Hi, I’m trying to get an optimized graph from graph executor via ScriptModule’s graph_for(...) method. A simple test case is below:

import torch

conv = torch.nn.Conv2d(in_channels=3, out_channels=8, kernel_size=3)

#  To avoid dealing with prim::Bailout stuff

inp = torch.rand(1, 3, 224, 224)
trace = torch.jit.trace(conv, inp).eval()


But it seems graph executor erases shape information on construction, so the output of graph_for has shape information removed.
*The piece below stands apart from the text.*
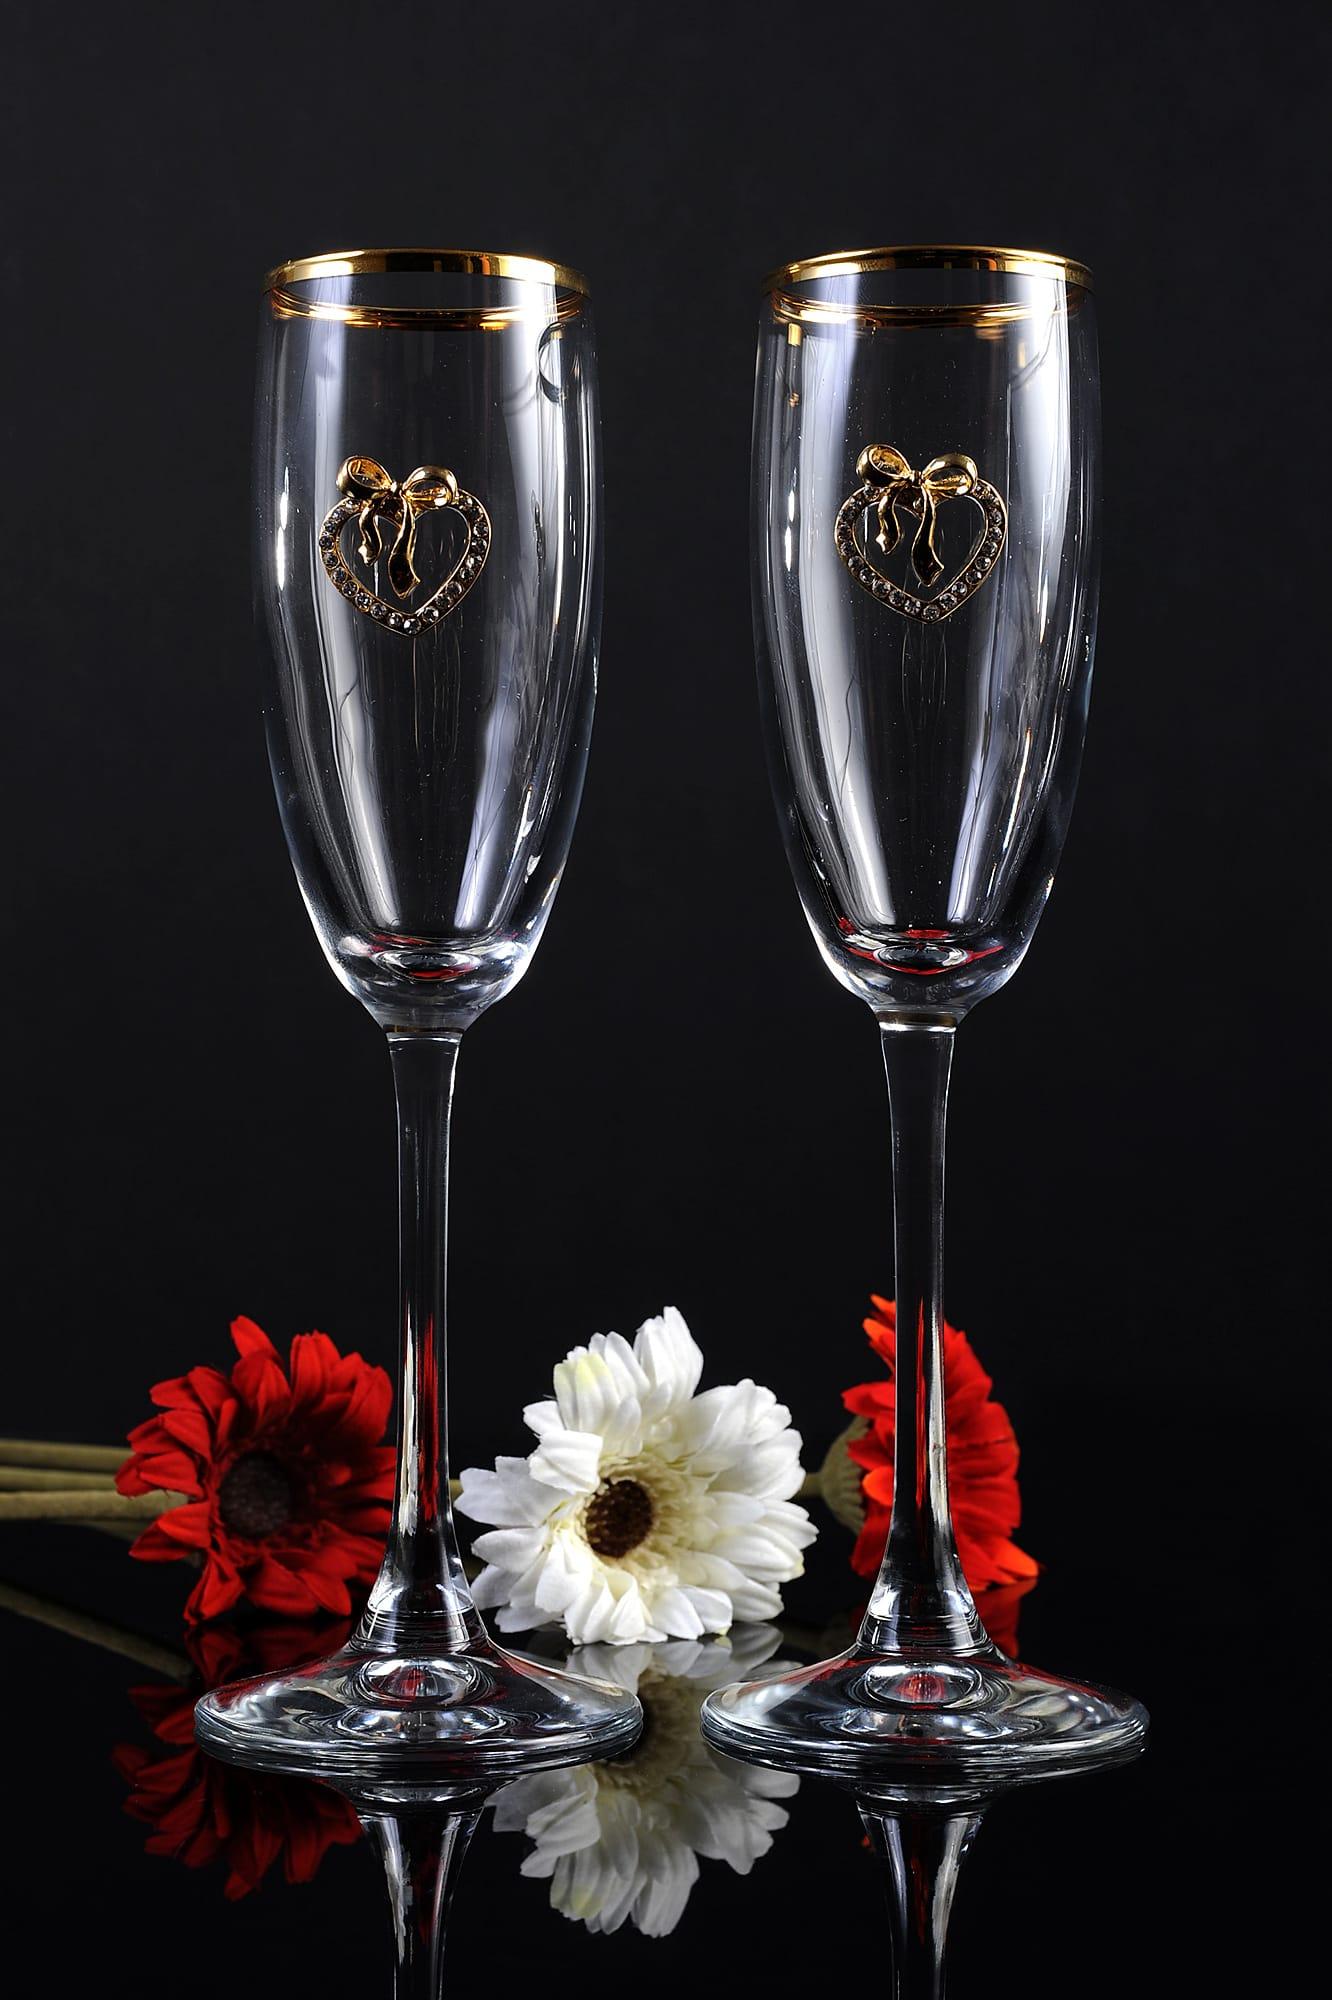 Прозрачные свадебные бокалы с золотистой отделкой по верху и сердечками на чаше.

graph(%self : __torch__.torch.nn.modules.module.Module,
      %input : Float(*, *, *, *)):
  %23 : int[] = prim::Constant[value=[0, 0]]()
  %22 : int[] = prim::Constant[value=[1, 1]]()
  %4 : int = prim::Constant[value=1]() # /home/masa/projects/deep/pytorch/torch/nn/modules/
  %13 : bool = prim::Constant[value=0]() # /home/masa/projects/deep/pytorch/torch/nn/modules/
  %20 : bool = prim::Constant[value=1]() # /home/masa/projects/deep/pytorch/torch/nn/modules/
  %2 : Float(*) = prim::GetAttr[name="bias"](%self)
  %3 : Float(*, *, *, *) = prim::GetAttr[name="weight"](%self)
  %21 : Float(*, *, *, *) = aten::_convolution(%input, %3, %2, %22, %23, %22, %13, %23, %4, %13, %13, %20) # /home/masa/projects/deep/pytorch/torch/nn/modules/
  return (%21)

If I know that my input shape is always fixed, is there a way to add explicit shape information? I know that the output of trace has shape information preserved, but I want an optimized graph available via graph_for(...).

Could you please elaborate on your use case? The exact static shapes were added to enable backends to generate more efficient kernels. I’m not sure they will be added to serialization or any other public interface.
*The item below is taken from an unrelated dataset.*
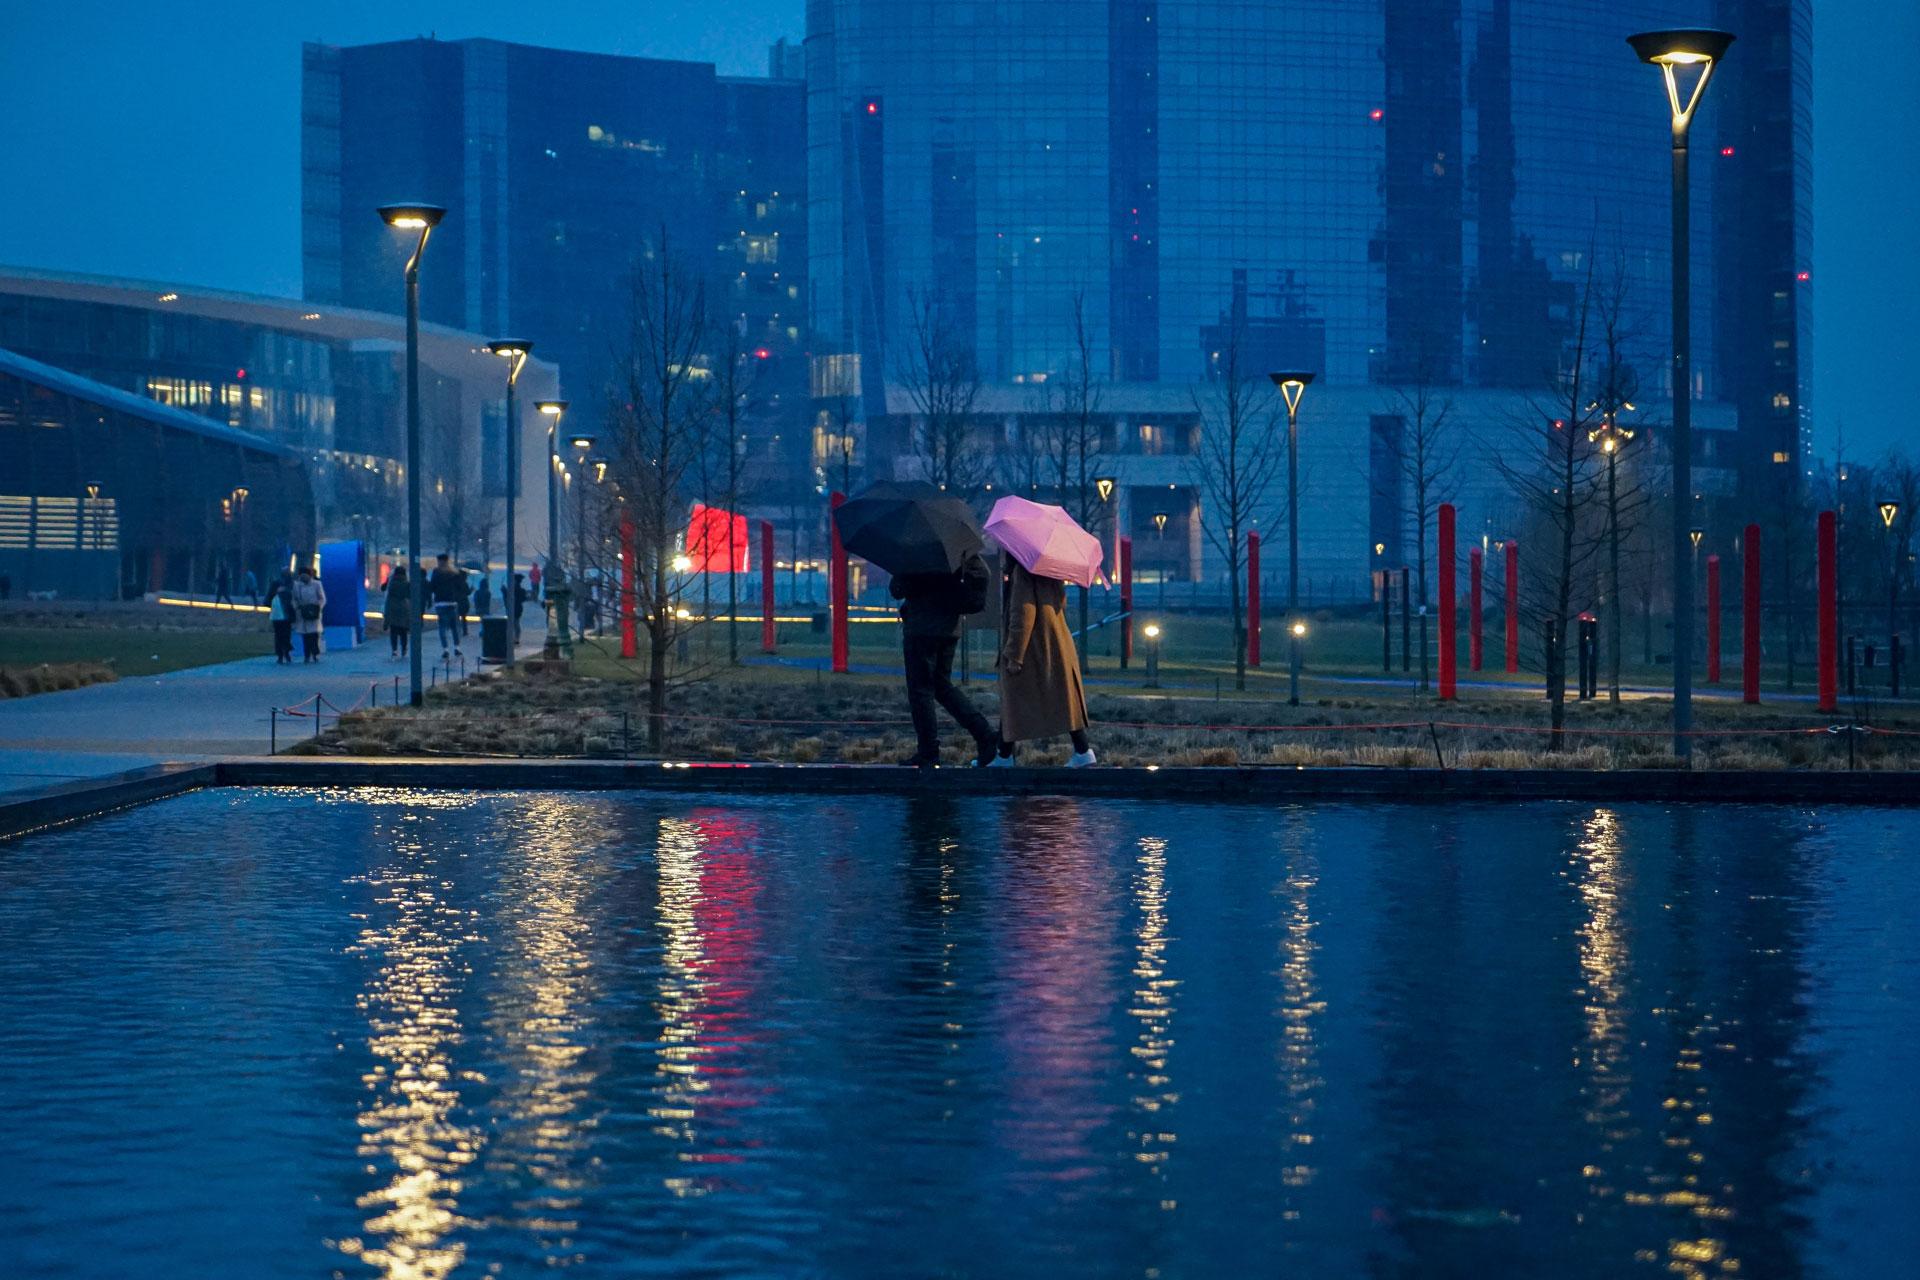 milano, milano vestita di pioggia, pioggia a milano, elena galimberti, fotografia

torch._C._jit_set_profiling_executor(False) we don’t capture the exact shapes only tensor ranks. Even the rank information, I believe, considered internal for use by backends and optimization passes.

ok, my use case is to translate Torchscript IR to TVM compiler’s IR. I have a repo which demonstrates translating torch models to TVM, compile and run it under TVM and get the identical output as torch.
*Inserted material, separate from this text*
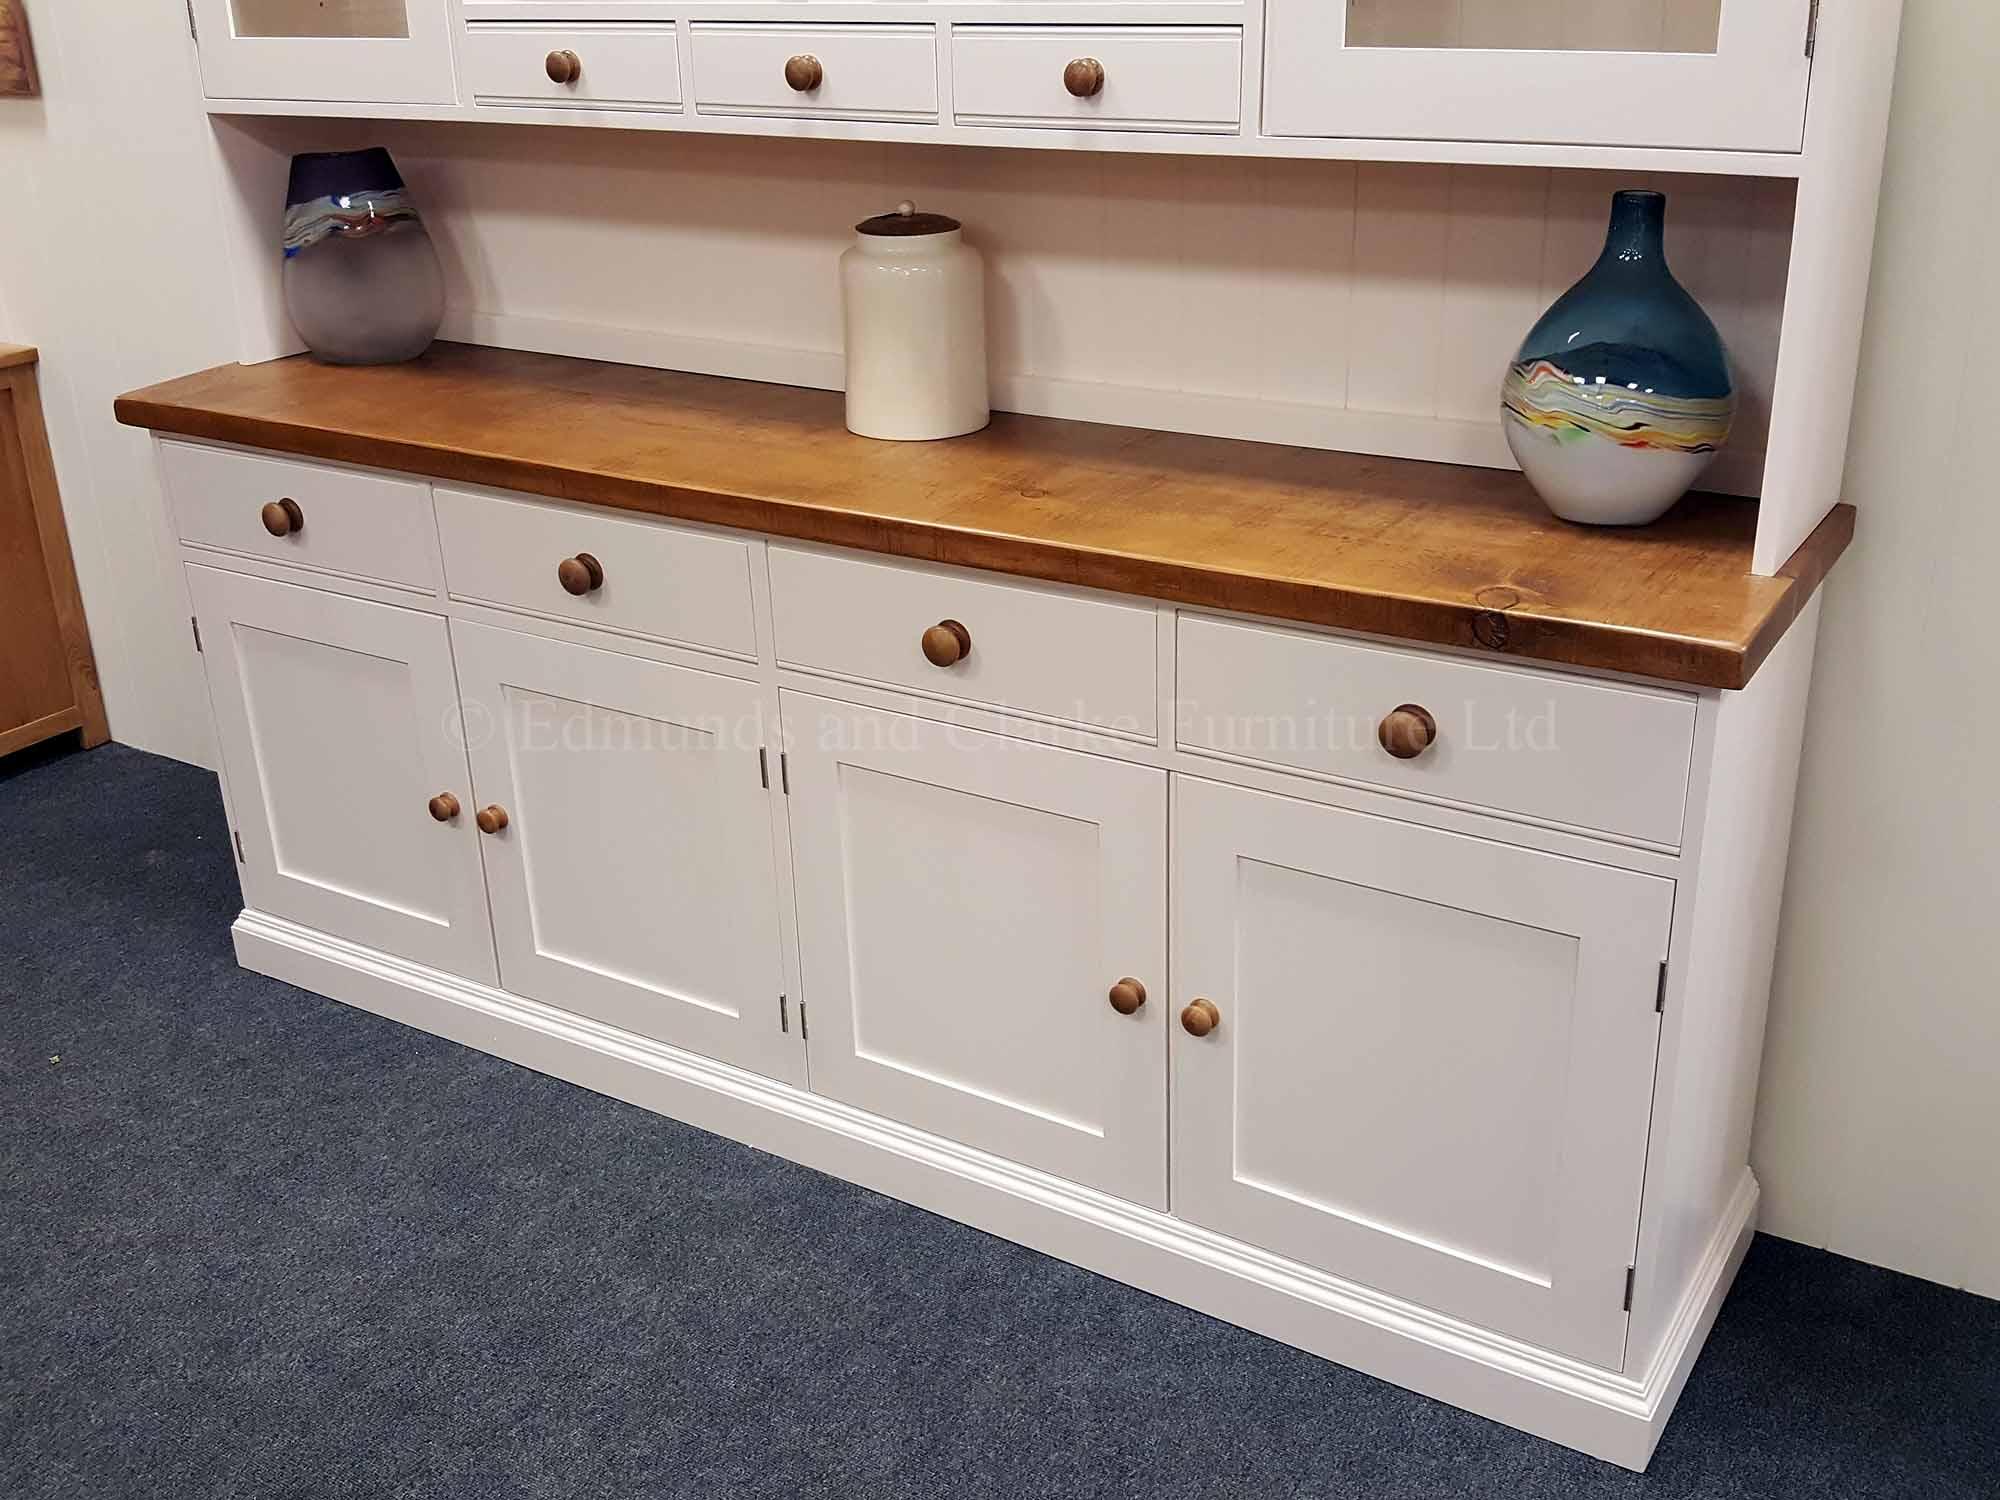 7ft Edmunds painted kitchen dresser, choose your paint colour handles tops

Right now I take the output of torch.jit.trace(...) which has shape information attached, and for each torch operator node I translate it to corresponding one in TVM. Since TVM is mostly a static compiler, shape information is required.

TVM has its own set of optimization passes, so it is no problem to take the unoptimized input torch IR. Currently I’m applying the Torchscript inlining pass to remove prim::CallMethod wrapping, but it seems rather ad hoc to me and I rather want to apply other optimization passes in torch as well.

I know I can apply each optimization passes manually (and I do for the inline pass), but the API prefix torch._C._jit_pass* suggests they are not “officially” supported, so I’m not sure if I want to use them directly. Since I discovered that I can access the optimized graph via graph_for(...) method, I’m looking to see if this is something I can use.

I disabled the profiling executor because it adds prim::Bailout and prim::BailoutTemplate nodes for which I have no idea how to translate to TVM. Since input shape is static in TVM, I think they are not relevant to my use case, so I don’t want to see them in the input IR.

I would suggest that you run it with the profiling executor a few times with inputs that cover the different Tensor dimensions you expect to use, and then add a pass to remove Bailout nodes. This should give you a Graph with shape information to maximum generality.

There are also a few passes that will be landed shortly in Pytorch JIT that should help with this conversion. Freezing and a functionalization pass. I will comment here when they are landed.

1 Like

Thanks, if removing bailout is possible that would definitely work for me. At a quick glance there is no pass to remove Bailout nodes in torch, but I’ll try if I can do it from “userland”.

Another API I’m interested in is _propagate_shapes function:

Do you know the use case of this function and if this is something I should take a look?

This API is only useful with the executor that isn’t the profiled executor, so I don’t think it applies. Yes, the pass doesn’t exactly exist as you need it. The logic should pretty much be the same as right here, except you are always removing the guards.

1 Like